- What is being asked
The answer must give back every line of the data exactly, with no pictures.

- Material provided

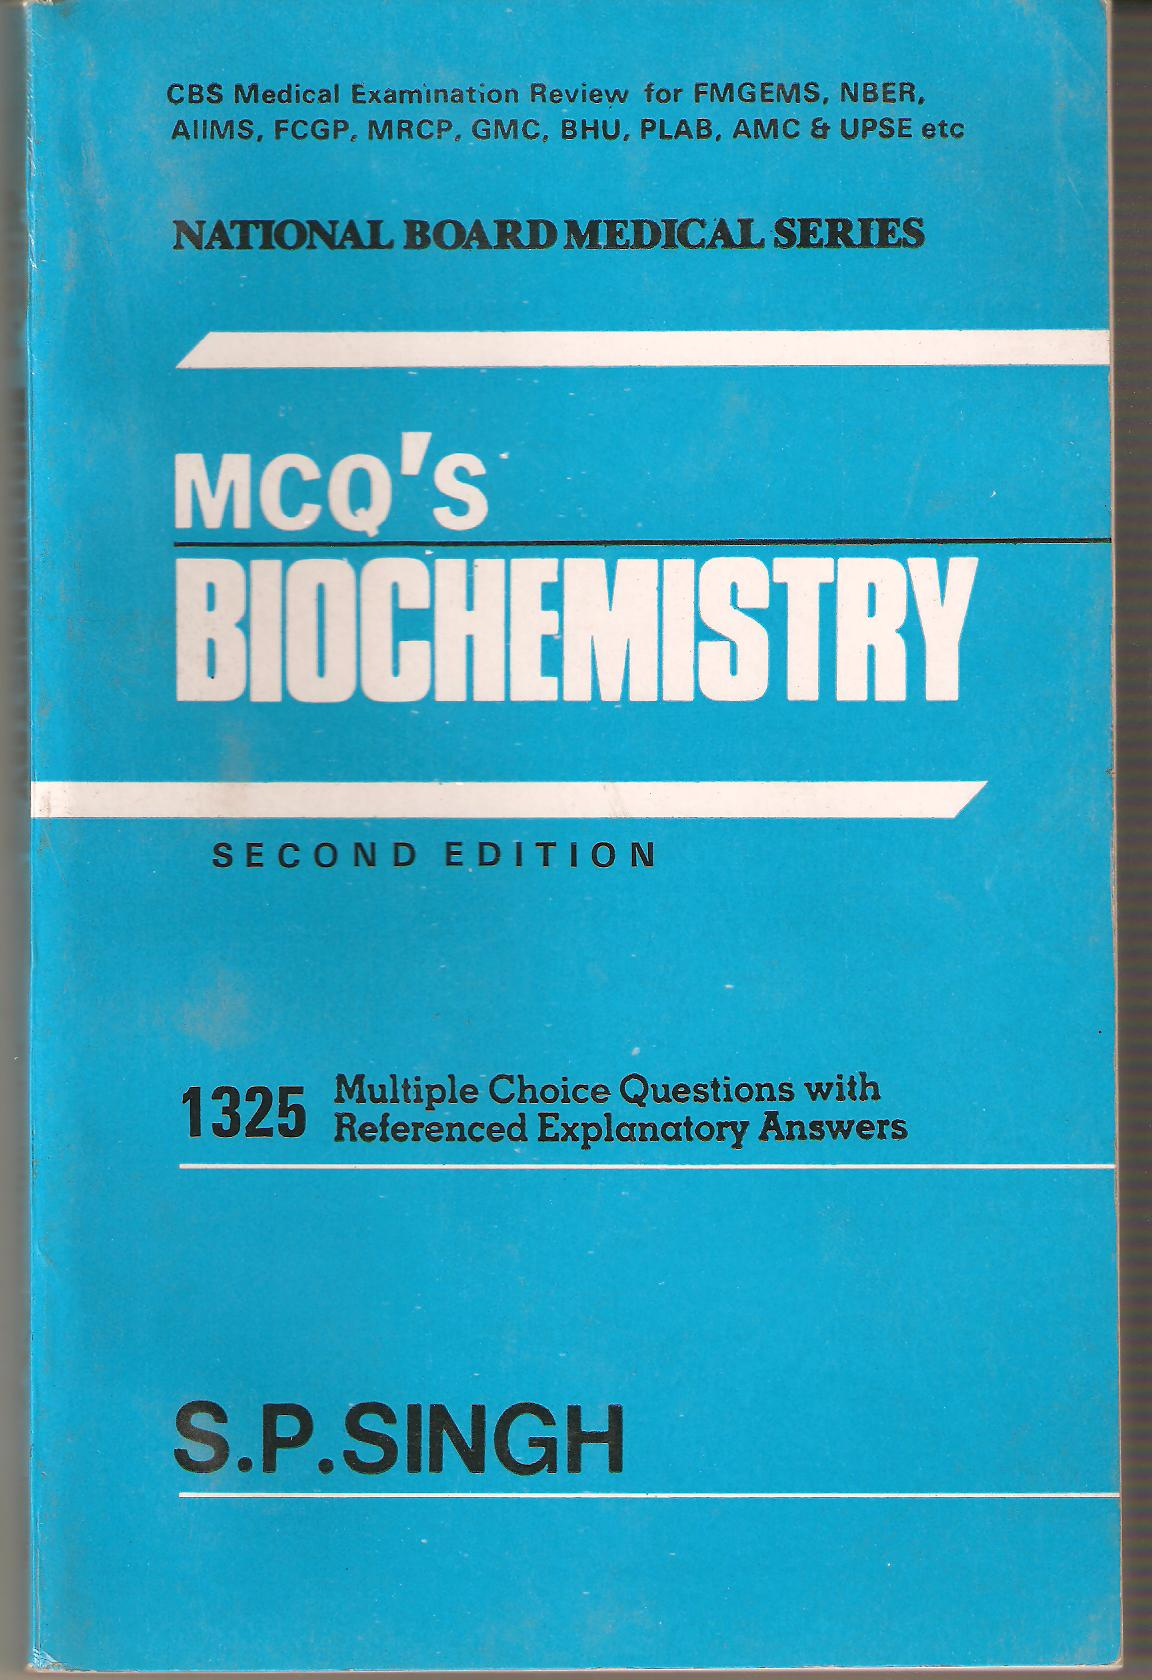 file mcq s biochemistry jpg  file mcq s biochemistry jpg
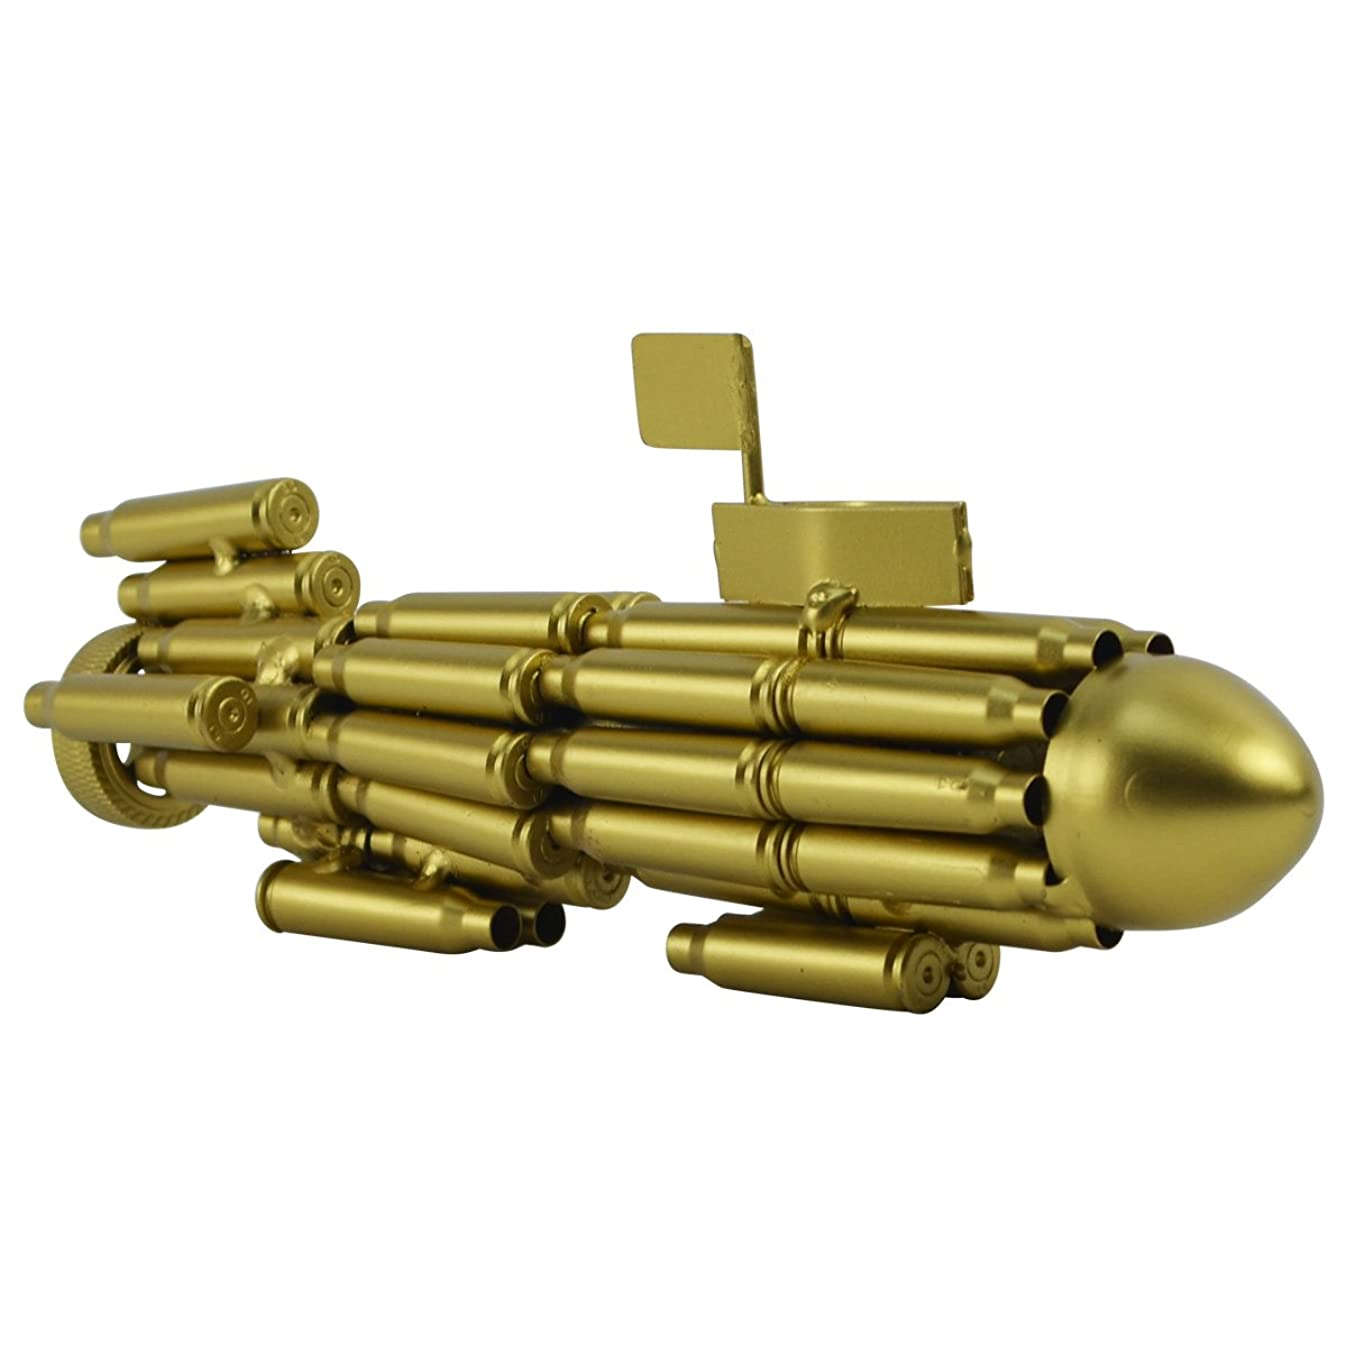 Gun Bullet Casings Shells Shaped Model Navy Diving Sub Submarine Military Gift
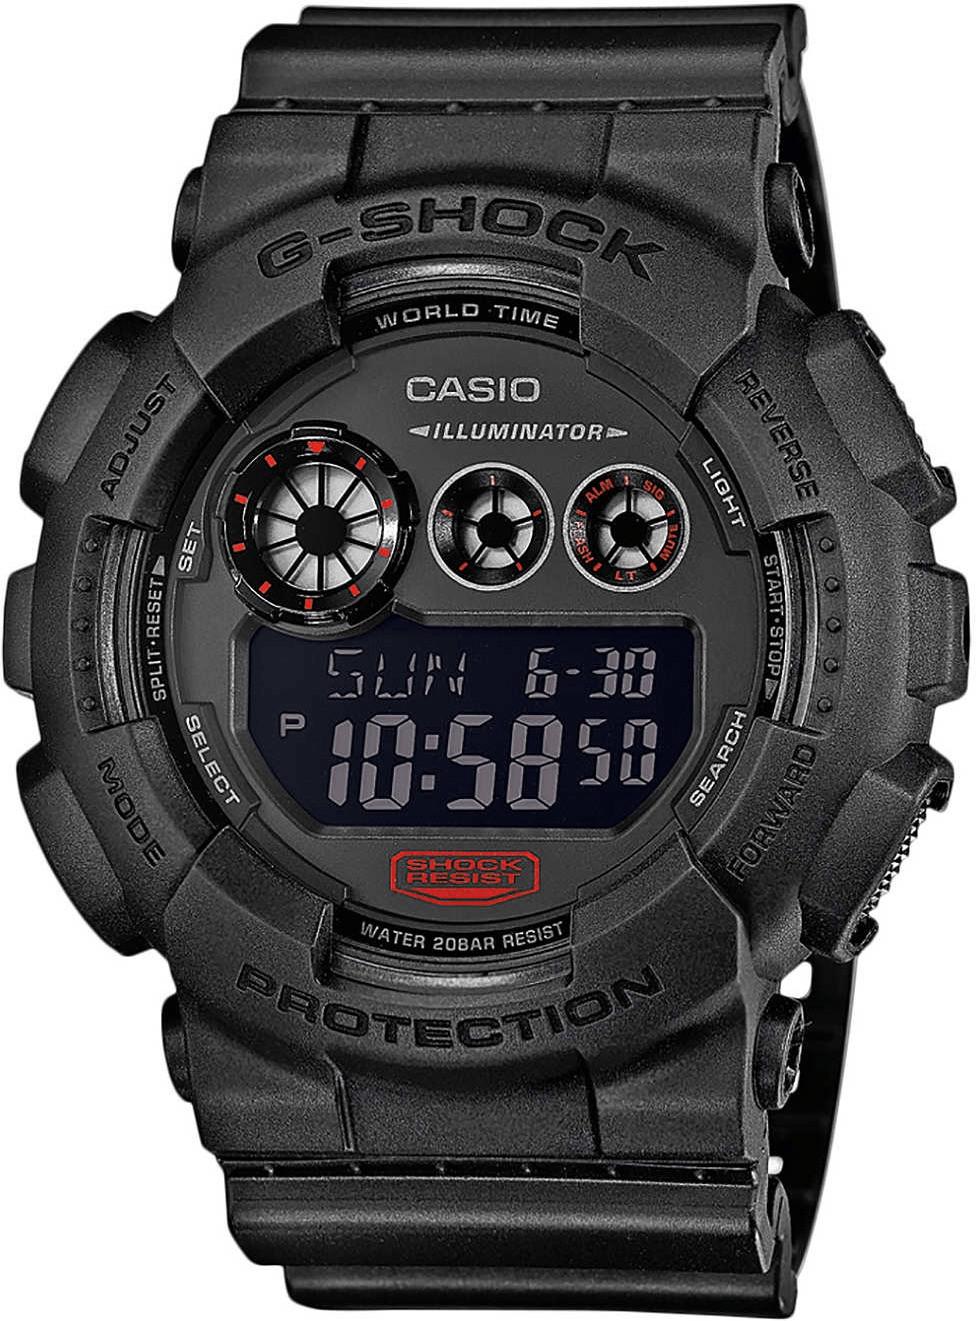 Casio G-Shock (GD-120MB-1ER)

- Finished exercise
 file mcq s biochemistry jpg  file mcq s biochemistry jpg
 Gun Bullet Casings Shells Shaped Model Navy Diving Sub Submarine Military Gift
 Casio G-Shock (GD-120MB-1ER)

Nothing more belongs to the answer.